To evaluate the performance of the various approaches we conduct a simulation study. The results for Gaussian B are presented here, and the results for binary B and other scenarios are presented in the Supplementary Materials Appendix E. The simulation scenario has three predicting variables, X₁, X₂ and B and the sample size of each dataset is 55. Five hundred replicate datasets are generated. Y_i is Bernoulli distributed with logit(Pr(Y_i = 1|X_i1, X_i2, B_i)) = 2 + 3X_i1 + 3X_i2 + 2B_i. X_i1, X_i2 are independently and identically distributed on U(−0.75, 0.25) and B_i is simulated as B_i = 0.5X_i1 + 0.5X_i2 +N(0, 0.75²). A logistic regression based on a large dataset of 10000 subjects gives estimates for the model logit(Pr(Y = 1|X)) = β₀+ β₁X₁+ β₂X₂. The estimates and standard errors from this fit are ${\bar{β}}_{0} = 1.50$ , ${\bar{S}}_{0} = 0.04$ , ${\bar{β}}_{1} = 2.95$ , ${\bar{S}}_{1} = 0.09$ , ${\bar{β}}_{2} = 3.01$ , ${\bar{S}}_{2} = 0.09$ .

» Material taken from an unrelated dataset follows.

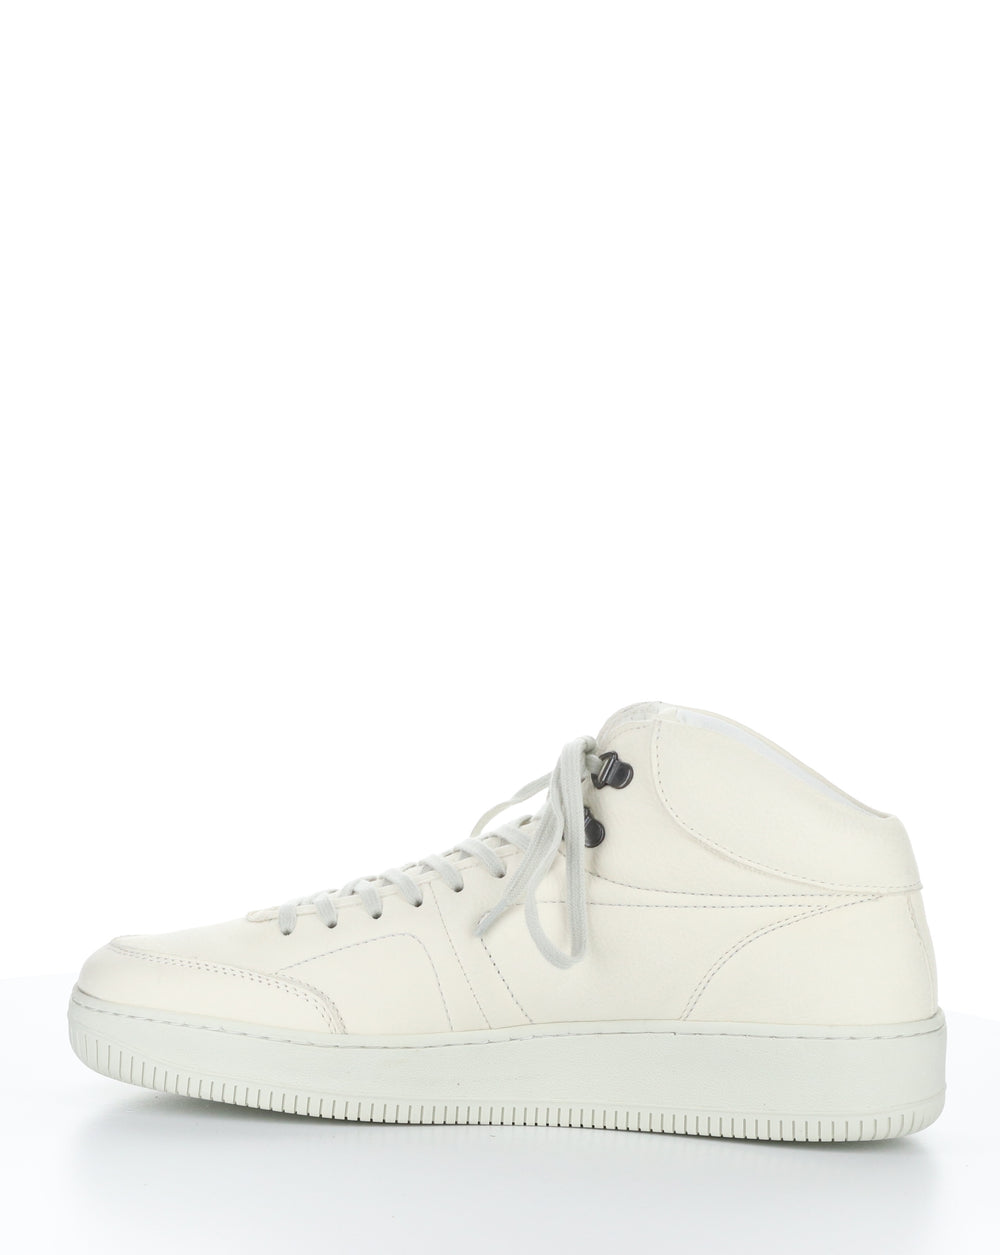 BEAP543FLY 001 OFF WHITE Hi-Top Shoes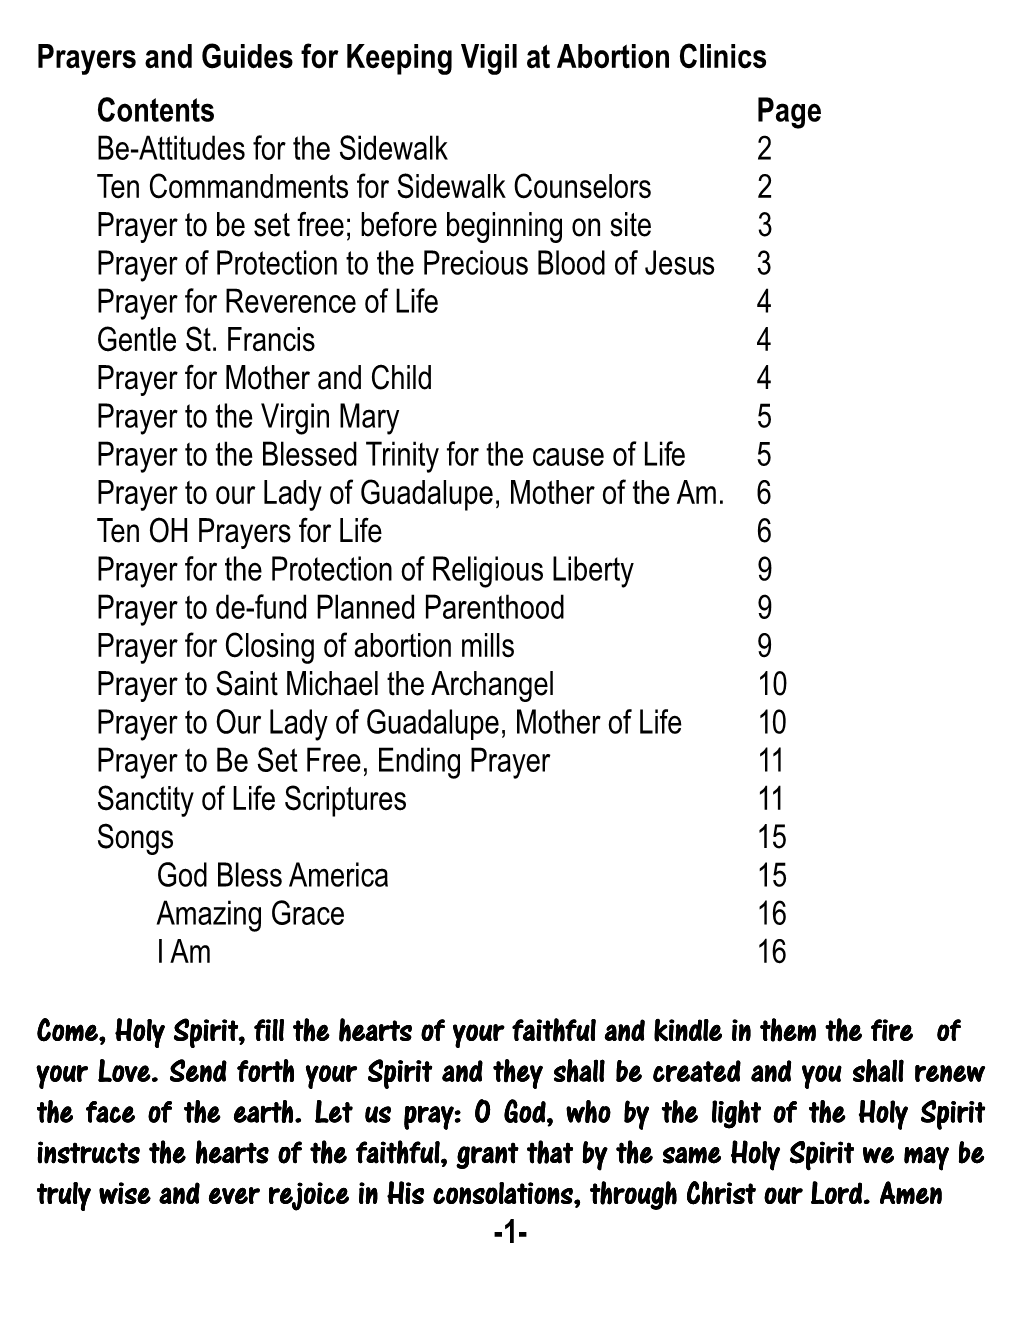 Prayers and Guides for Keeping Vigil at Abortion Clinics Contents Page

We report three evaluation metrics related to estimation accuracy: the average of estimated coefficient, relative efficiency of estimated coefficient and mean squared error across 500 replicates. The average of the estimated coefficients is defined as: ${\bar{γ}}_{j} = \frac{1}{500} \sum_{m = 1}^{500} {\hat{γ}}_{m, j}$ ; the relative efficiency of the estimated coefficients is defined as: $\frac{V ({\hat{γ}}_{j, direct})}{V ({\hat{γ}}_{j ,method})}$ where $V ({\hat{γ}}_{j}_{,direct}) = \frac{1}{500} \sum_{m = 1}^{500} {({\hat{γ}}_{m, j} - {\bar{γ}}_{j})}^{2}$ estimated by direct regression; the MSE of the estimated coefficients is defined as: $\frac{1}{500} \sum_{m = 1}^{500} {({\hat{γ}}_{m, j} - γ_{j})}^{2}$ , j =1, …, p+1.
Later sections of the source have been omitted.